Poplar HARCA’s YEB was set up in March this year. Fintan Tynan, resident empowerment manager for the association, saw that young people wanted to get involved in governance, but were struggling with big obstacles. ‘We found that we’d get young people involved but not with lasting success,’ he says.

Mr Tynan decided to explore the issue further. ‘Last September I approached members of a youth organisation called Leaders in the Community. I asked if they were willing to look at some of the barriers putting young people off getting involved and challenge them. They said yes.’

Tackling the situation head on, Mr Tynan held three workshops with the young people from LIC. He explained the governance framework and asked about their experiences of attending the adult board meetings. ‘They felt they were over-formal,’ he says. ‘Often the response to their suggestions was, “We don’t really do it like that, dear,” which they found frustrating.’

Mr Choudhury felt his views weren’t taken seriously at such meetings. ‘It’s just an uncomfortable situation for someone who’s 19 or 20,’ he says. ‘They [young people] go there and they think - this is not for me.’

Ms Mashal had a similar experience of an ‘unfriendly’ meeting, which meant she didn’t attend a second one. ‘Aleef Ahmed spoke to me afterwards and said, “If you don’t feel that your views are being put across, how about getting involved with this new group, YEB?”,’ she explains.

Mr Tynan recognised the key to the board’s success would be ‘getting endorsement’ from the adult boards. ‘They unanimously supported the development of the YEB,’ he says. ‘They were really impressed by how much work the young people had put in. That gave us the green light, and then we started with promotion and recruitment.’
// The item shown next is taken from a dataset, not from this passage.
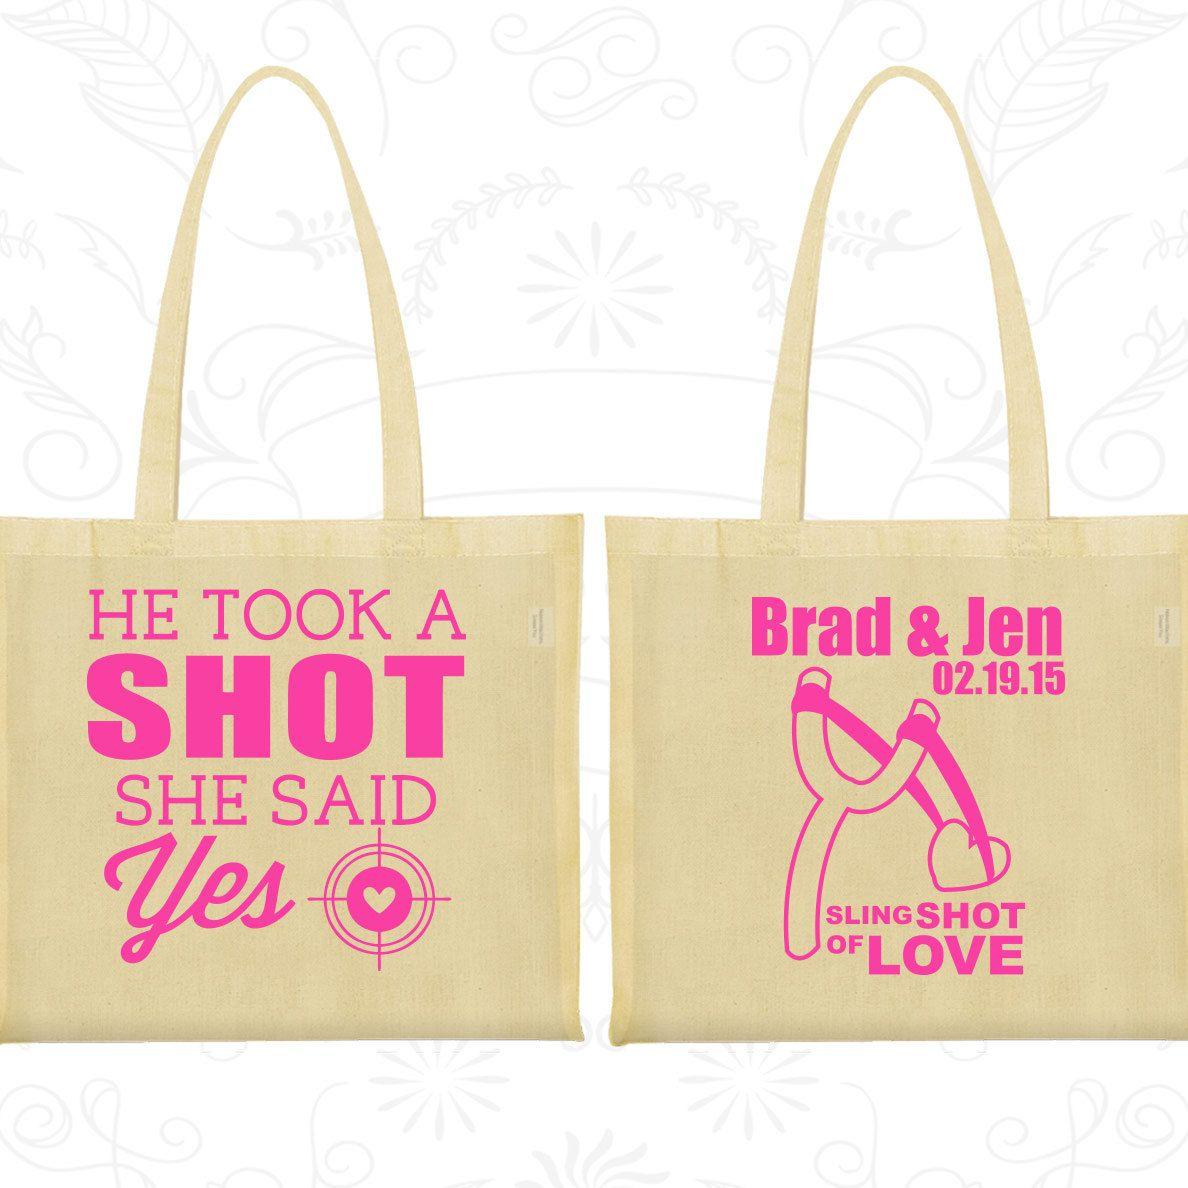 Wedding Welcome Bags, Tote Bags, Wedding Tote Bags, Personalized Tote Bags, Custom Tote Bags, Wedding Bags, Wedding Favor Bags (558)

Through an informal interview process, 30 young people between the ages of 16 and 25 were selected from the 72 who originally showed an interest. The YEB did not require any funding; the resources were already embodied within the resident empowerment team.

A key moment for the YEB, as Mr Tynan explains, was recognising that the young people overwhelmingly shared the concerns of adult tenants. ‘Their main interests were the development happening in the area, housing-related issues and community safety. If I do the same exercise with adults, they are often the same priorities.’

In June, two members of YEB attended the Chartered Institute of Housing annual conference in Harrogate, offering advice on how the industry can engage with young people rather than make them feel excluded. Mr Tynan is confident that YEB has put youth involvement on the national social housing map.

‘I don’t know if any other associations in the country have young people involved in governance. As far as I’m aware, Poplar HARCA is the first involving young people at that level.’

Readers' comments (1)

  • Joe Halewood

    Im all for such initiatives yet they are hardly new.

    In supported housing - that one would think the CIH would know about! - there has been young residents involved in governance as a matter of course and this has happened for decades. Go into any homeless hostel for 16-25 year olds and this is self-evident.

    For example, typical 'house rules' form part of the tenure and these are acceptable behaviour codes that can only be varied or amended with the agreement of all residents, not just a selection of them.

    This is also temporary accommodation that can be highly volatile and getting residents (fully) involved in such short-term accommodation - traditionally harder to achieve than in longer term accommodation - is the norm.

    This has been successful because things can change quickly. A weekly residents meeting can change major matters that quickly. Whereas in general needs housing it is very difficult and a lengthy time consuming process that will and does try the patience of all involved (and possibly young people even more.)

    If Poplar HARCA can keep a sustained interest by young people given these constraints then that will be a real achievement and in that I wish them good luck.